VQB 71 GPS Clock

Like any normal person, I want a desk clock that has sub-millisecond accuracy.

Parsing and immediately displaying time from NMEA messages as they arrive from the GPS module, like GPS Wall Clock originally did, gives a useable-enough value for display, but it's not particularly accurate for a few reasons:

• The GPS module outputs messages at 1Hz, but each of these serial transmissions only begins once the GPS has finished its internal fix calculations. Fix calculations take a variable amount of time depending on the number of satellites being used in the calculation, which can be from 40 to 100ms for 1-12 satellites.
• At the default 9600 baud, a NMEA RMC sentence containing the current time will take 42 - 82ms to receive, depending on the number of fields filled.
• Converting the received time into segment data and sending to the MAX7219/MAX7221 over SPI takes some processing time.

To avoid these delays and uncertainties, the GPS module offers a TIMEPULSE pin that can be used to generate interrupts on our controller at the top of each second with considerable accuracy.

How accurate are we talking?

The u-blox documentation claims it's possible to get timing accuracy in the order of nanoseconds with ideal conditions, while accuracy in the order of microseconds is quite achievable:

As a rule of thumb the position should be known with an accuracy of better than 1m for a timing accuracy in the order of nanoseconds. If an accuracy is required only in the order of microseconds, a position accuracy of roughly 300m is sufficient.

Let's not get too carried away though - we're making a display for humans after all, where perception seems to take in the order of tens of milliseconds at best. In practice it will take someone much longer to look at and interpret the display.

Consider that in your day-to-day life, knowing the time to ±1 minute would likely be inconsequential, and ±1 second would be practically imperceptible. I would hazard a guess that the standard deviation of maintained time-keeping devices you encounter is at least 30 seconds, though I can't find anyone who has sampled this, and networked clocks probably tighten this guess up a bit.

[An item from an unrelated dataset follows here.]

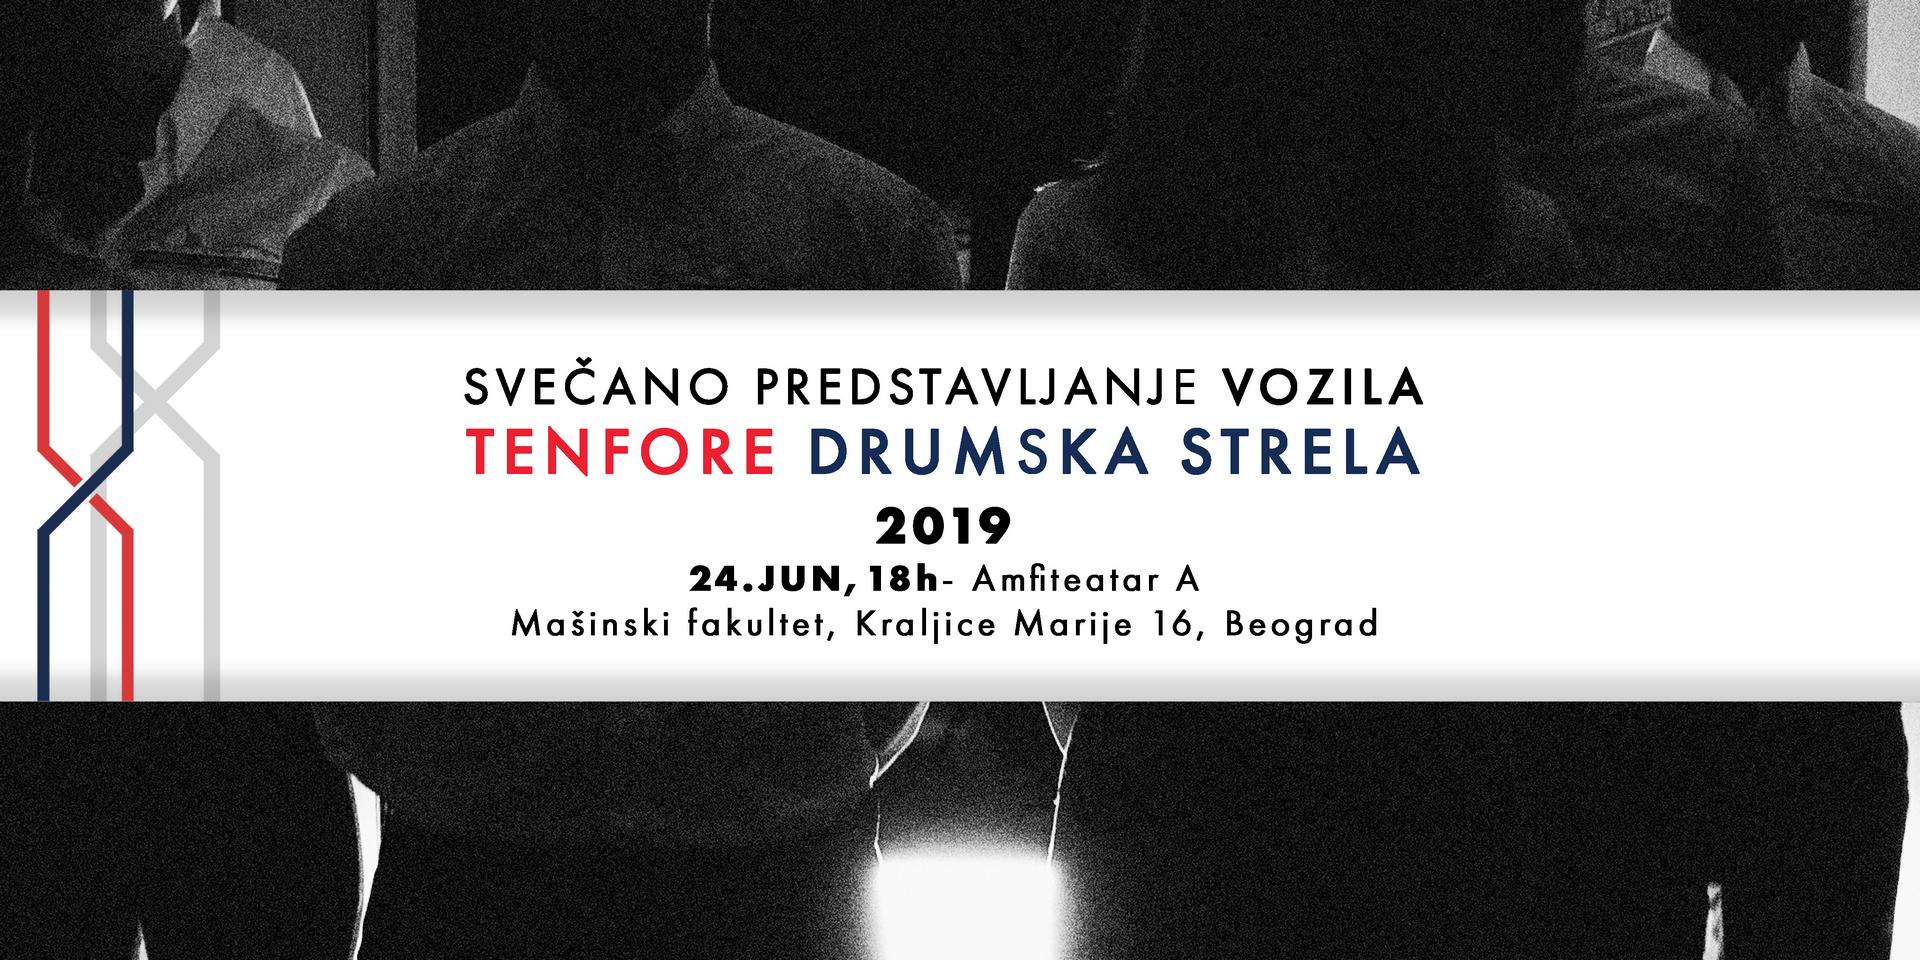 poziv na predstavljanje novog vozila drumske strele 2019, fsra2019

I'm happy drawing a line at ±1ms, mainly because digging any deeper yields more and more uncertainty:

• What is the precision of the timepulse signal? (Something like ±30ns if the jitter and quantization in the module's 48MHz clock isn't compensated for)
• How quickly does segment data sent to the MAX7221 actually change the output signal? (The datasheet lists a maximum output propagation delay of 25ns)
• How fast do the LED segments actually light up? (It depends, but probably <1μS)
• How long does it take for light to travel from the display to your eyes? (about 3.3ns, if you're 1 metre away).
• ...ad nauseam ...

Given that I'm using these modules indoors and don't have equipment to verify absolute accuracy anyway, all of this is essentially academic, but it's fun to consider.

Using timepulse (1PPS)

The TIMEPULSE pin on the GPS module generates a rising edge at the top of each second, with a configurable offset in nanoseconds to account for electrical and processing delays. Messages sent by the module always correspond to the previous timepulse, though the documentation only mentions this a few times briefly:

To display the time correctly, we'll need to calculate the next time to display when a NMEA "Recommended Minimum" (RMC) message arrives. At the following rising TIMEPULSE edge, this calculated time needs to be displayed. The MAX72xx will immediately update its display when any digit data is written, so the most I can prepare in my case is internally buffering segment data ready for blasting out over SPI.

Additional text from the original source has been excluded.